The late Sanjiv (Sam) Gambhir, MD, PhD, spent his life fighting cancer. A pioneer in cancer imaging, Gambhir helped develop Positron emission tomography (PET) reporter gene technology. Gambhir, a distinguished professor at the Stanford University School of Medicine and an advisor to numerous companies, was never content with the sensitivity of cancer detection technologies when it came to finding early-stage cancers. With 70 percent of all cancers discovered at Stage 3 or 4, waiting for symptoms is usually too late, with a five-year survival rate of only 25 percent.

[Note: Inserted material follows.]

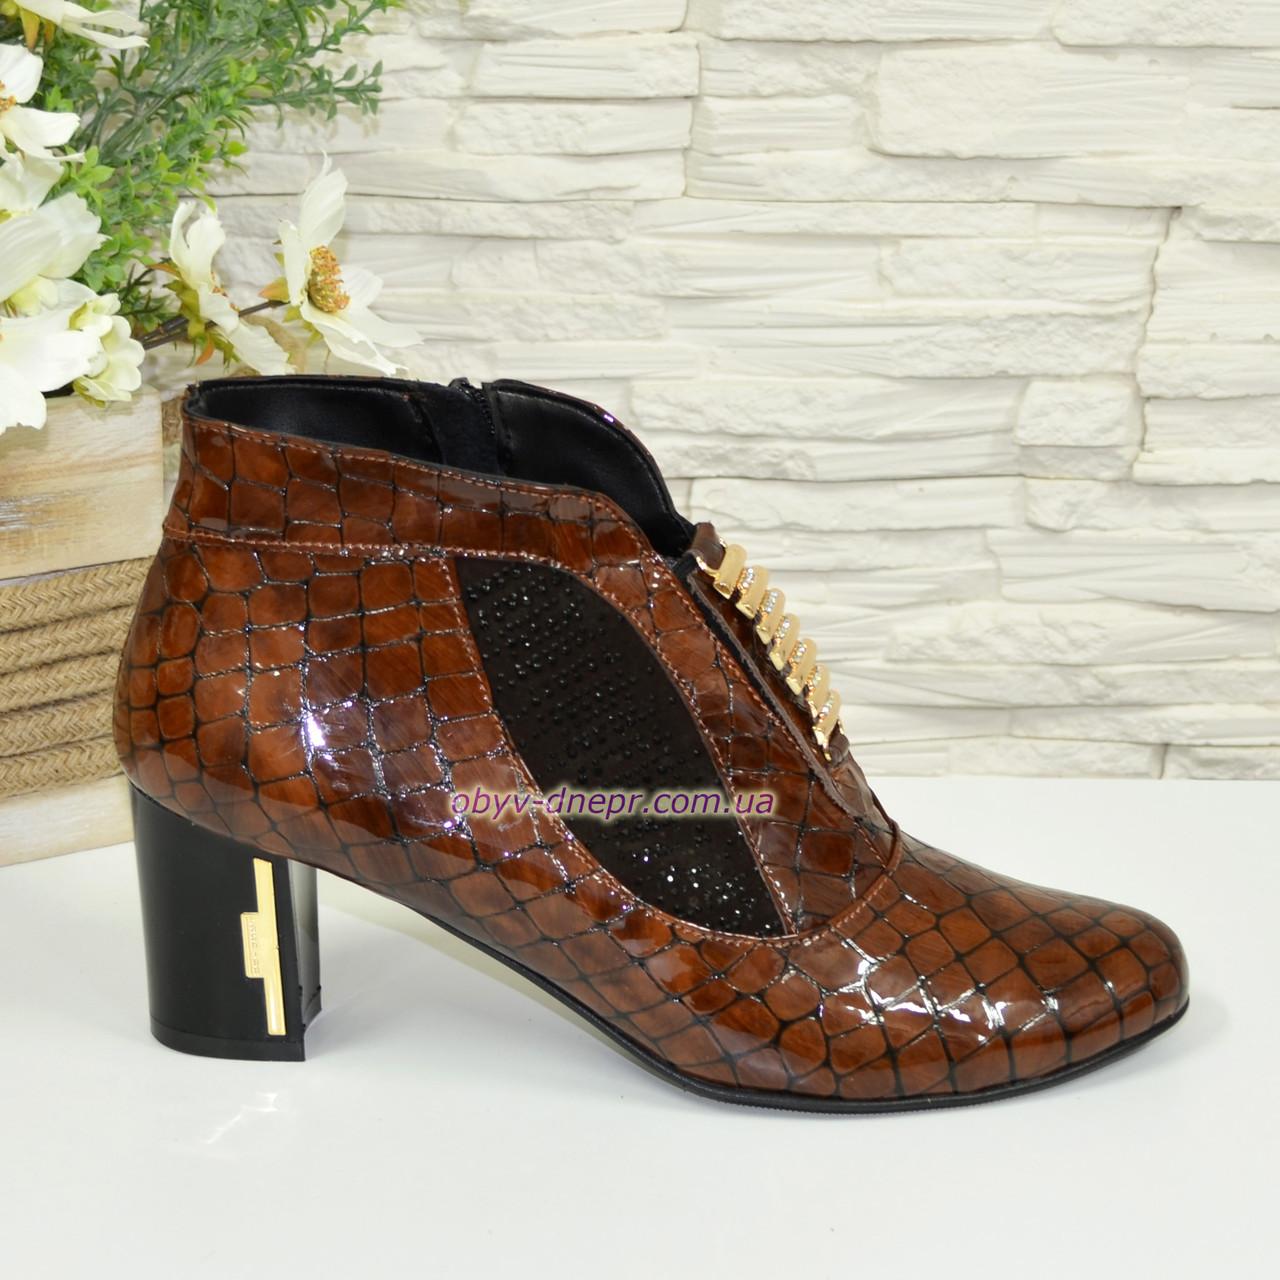 Стильные женские зимние ботинки, декорированы стразами и фурнитурой, кожа крокодил

After losing his son Milan to glioblastoma when he was just 16 years old, Gambhir’s motivation reached new heights. He devised a solution that flipped the paradigm of cancer detection on its head—instead of waiting for cancer to produce biomarkers, why not make cancer reveal itself? Can cancers be engineered to produce a biomarker when they are still in their early stages of malignancy?  

After being diagnosed with the “emperor of all maladies” himself in 2020, Gambhir never got to witness his goal of getting cancer cells to express detectable “synthetic” biomarkers. He passed away in July 2020. However his legacy lives on in Earli, a company he co-founded, which presented its first data at AACR 2024 this week. 

Earli researchers, under the direction of co-founder and chief scientific officer (CSO) David Suhy, PhD, demonstrated a robust screening platform to identify response elements that can be activated by uncontrolled cancer pathways. With this platform, the team designed a DNA construct with binding sites for transcription factor combinations found only in active cancers. This construct drives the expression of a biomarker that can be quantified in cancer cells while remaining transcriptionally silent in adjacent healthy tissues and benign lesions.  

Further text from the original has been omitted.